As much as he tried to be calm, Johan could not stop the growing anger in his center. There was a time when his touch would have healed away every illness from the little thing’s body. Just being near him, awash in his aura of life, would have ceased its pain. But those days were long past. His light had ceased the moment he slew one of his fellow lightborn. Now his shadow granted sickness and death.
Johan shook his head and tried to smile for the sparrow.
“Fight on, and live,” he said. “The world needs more of your song.”
He lowered himself back to the ground, shadow receding and molding itself into a visage of legs, feet, and robes. His trip toward Weshern’s edge turned somber.
Whose fault was it that he could not heal the sparrow? Was it his own for succumbing to anger and extinguishing the light of his brethren centuries before? Or was it God himself, cursing him like men of old in the religious fables? He didn’t know, and no amount of debate had drawn him closer to a solution as the decades steadily rolled on.
I cleansed humanity from the world but for these wretched islands, Johan thought. All is grasslands and forests and river lands, awash with life where stone and steel once proudly mocked the natural. As billions died, God never intervened. My cause is righteous. My shadow is my own manifested guilt, and nothing more.
It might be a self-serving lie, but it was an easy one to believe.
Johan’s strides grew longer the farther from civilization he traveled, until he no longer walked at all, instead floating along like a cloud upon the wind. Another city passed beneath him, the childhood home of the Skyborn twins, if he remembered correctly. Another poignant loss. The twins were pawns in many people’s games, and the cost of playing along was suffering, capture, and likely death. Johan floated until he reached the soft earth at the island’s edge. Even there, the land bore the scar of the invasion, the deep green grass churned and trampled by the wheels of Marius’s great engines.
Johan knelt beside the island edge and looked to the ocean below. The rest of his shadow bathed the surface, and even from such a distance, Johan could feel every dip and swi
rl of the water. It was painful being separated from his essence in this way, but such was the cost of finally bringing down the protective dome the last of the lightborn erected to keep him at bay. Soon he would be whole again. So very soon.
A wave of Johan’s finger and the shadow roiled, giving the signal for his allies below. Johan crossed his legs and sat as he patiently gazed over the edge. Several minutes later he saw the first hint of the iceborn rising into the sky. The tiny creature was no bigger than his fist, and it swirled in a circle atop a steadily growing cylinder of ice. When it reached Weshern’s surface, it hopped off the butte of ice, dropped to its hands and knees, and lowered its tail in respect.

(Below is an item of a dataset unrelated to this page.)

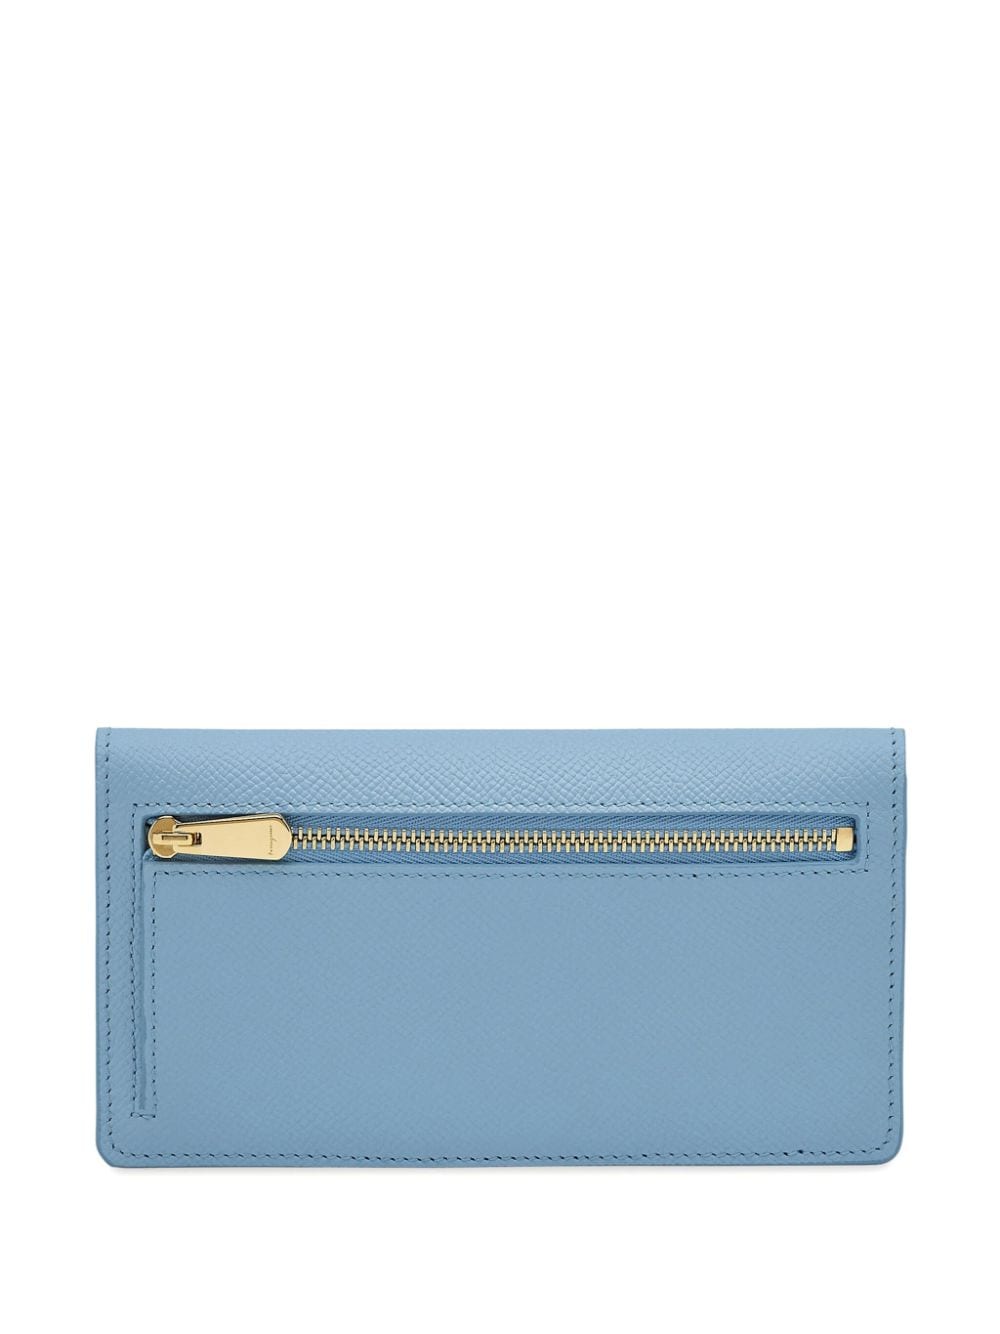 Ferragamo Gancini leather wallet - Blauw
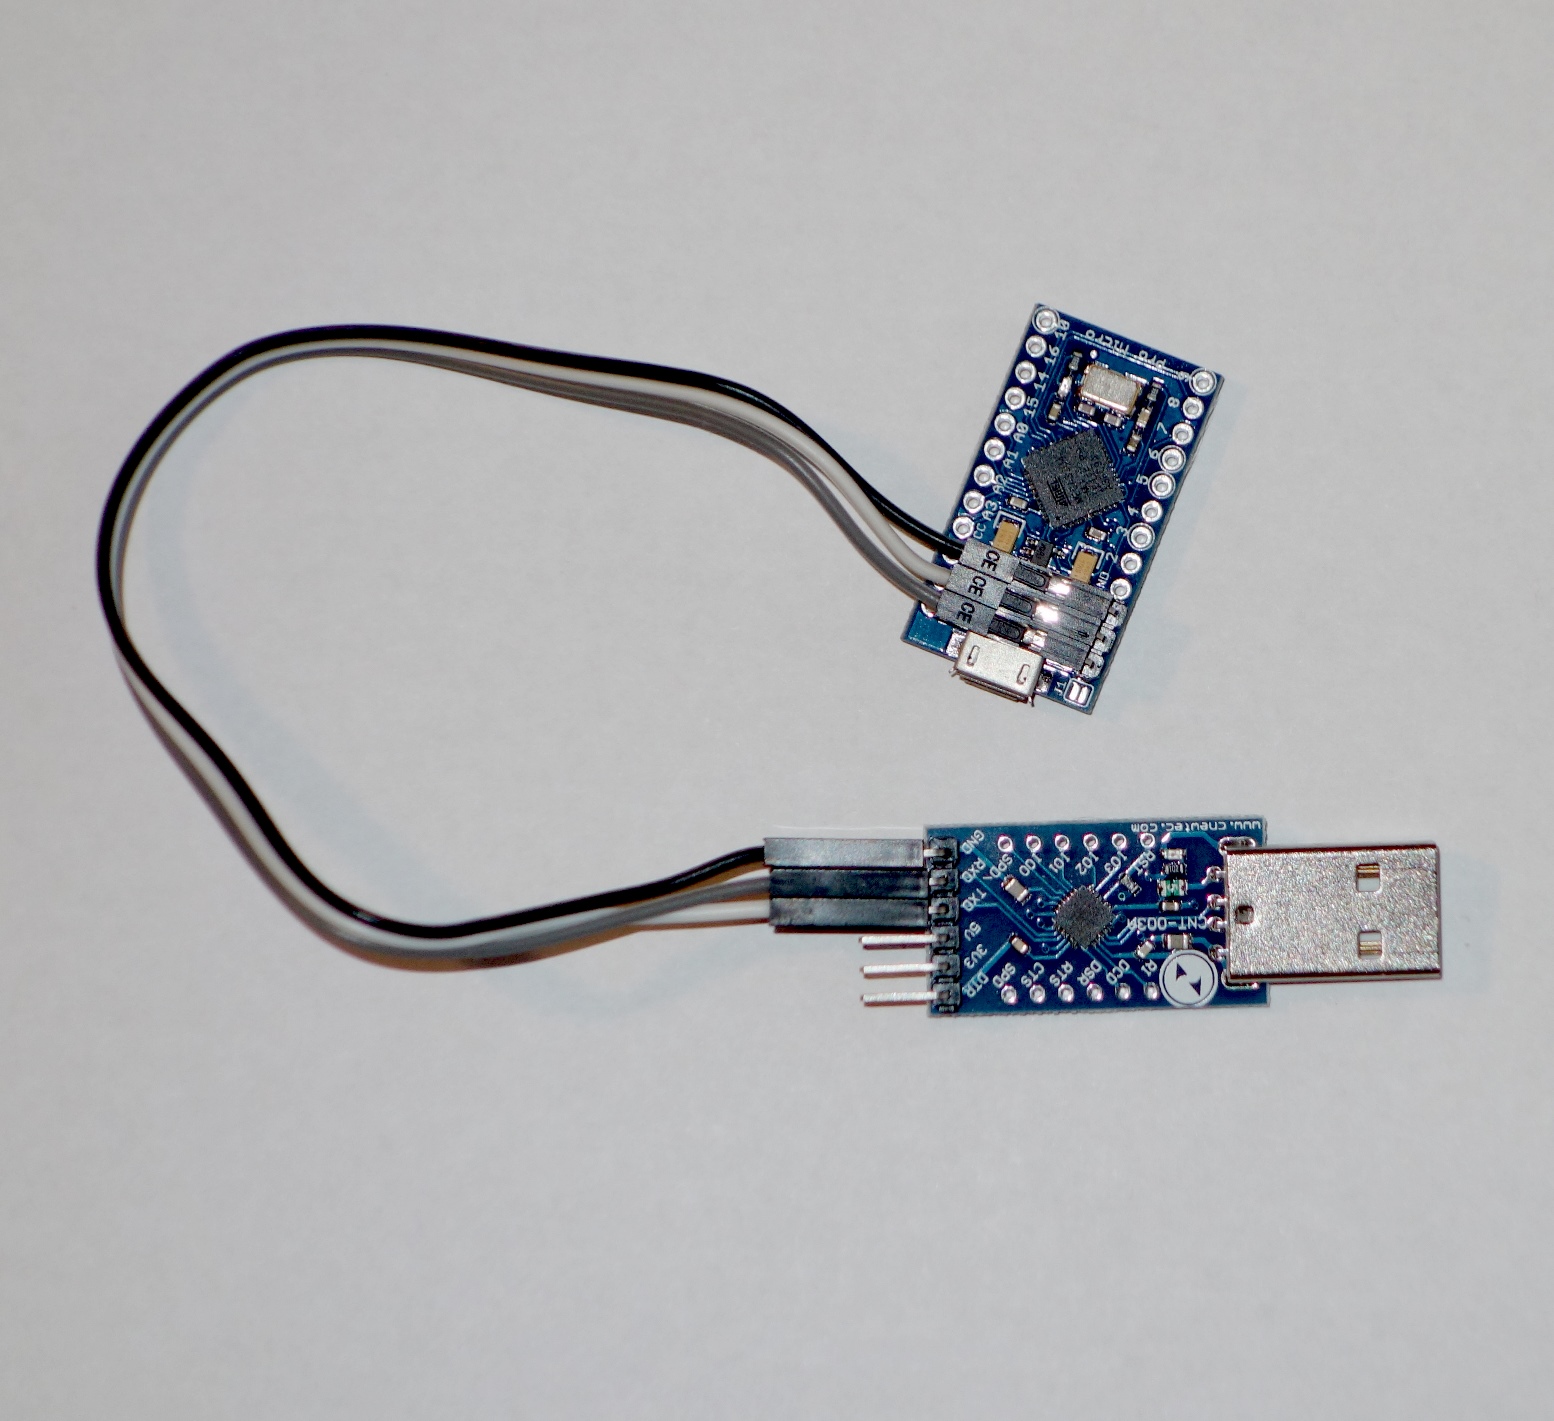 GIMX USB WHEEL ADAPTER - Logitech G27, G25, DFGT on PS4

“What are my orders?” it asked.
“Kael Skyborn was captured by Marius’s knights during today’s battle,” Johan said. “I want my disciples searching for him on Center. This is of vital importance, so no risk is too great. I must know where he is being held.”
“If the Speaker has him, then he is dead,” the iceborn said, its pale blue eyes sparkling with intelligence. “Why risk searching?”
“Because his sister would rescue him,” Johan said. “If she succeeds, Marius is humiliated yet again, and the other islands emboldened. If she dies she becomes another martyr to keep Weshern’s royalty dedicated to war instead of accepting peace.”
The iceborn’s tail flicked side to side, revealing its excitement.
“Still we play the games,” it said. “Is there a need? We are ready to make the climb, L’adim. Give us the order. They will never survive our wrath.”
“Not yet,” Johan said. “They have willfully forgotten the crimes they committed upon you and your brethren, and buried in ignorance the threat we once possessed. Let them devour one another. I would not lose more of you to their blades and prisms. Too many fireborn perished already.”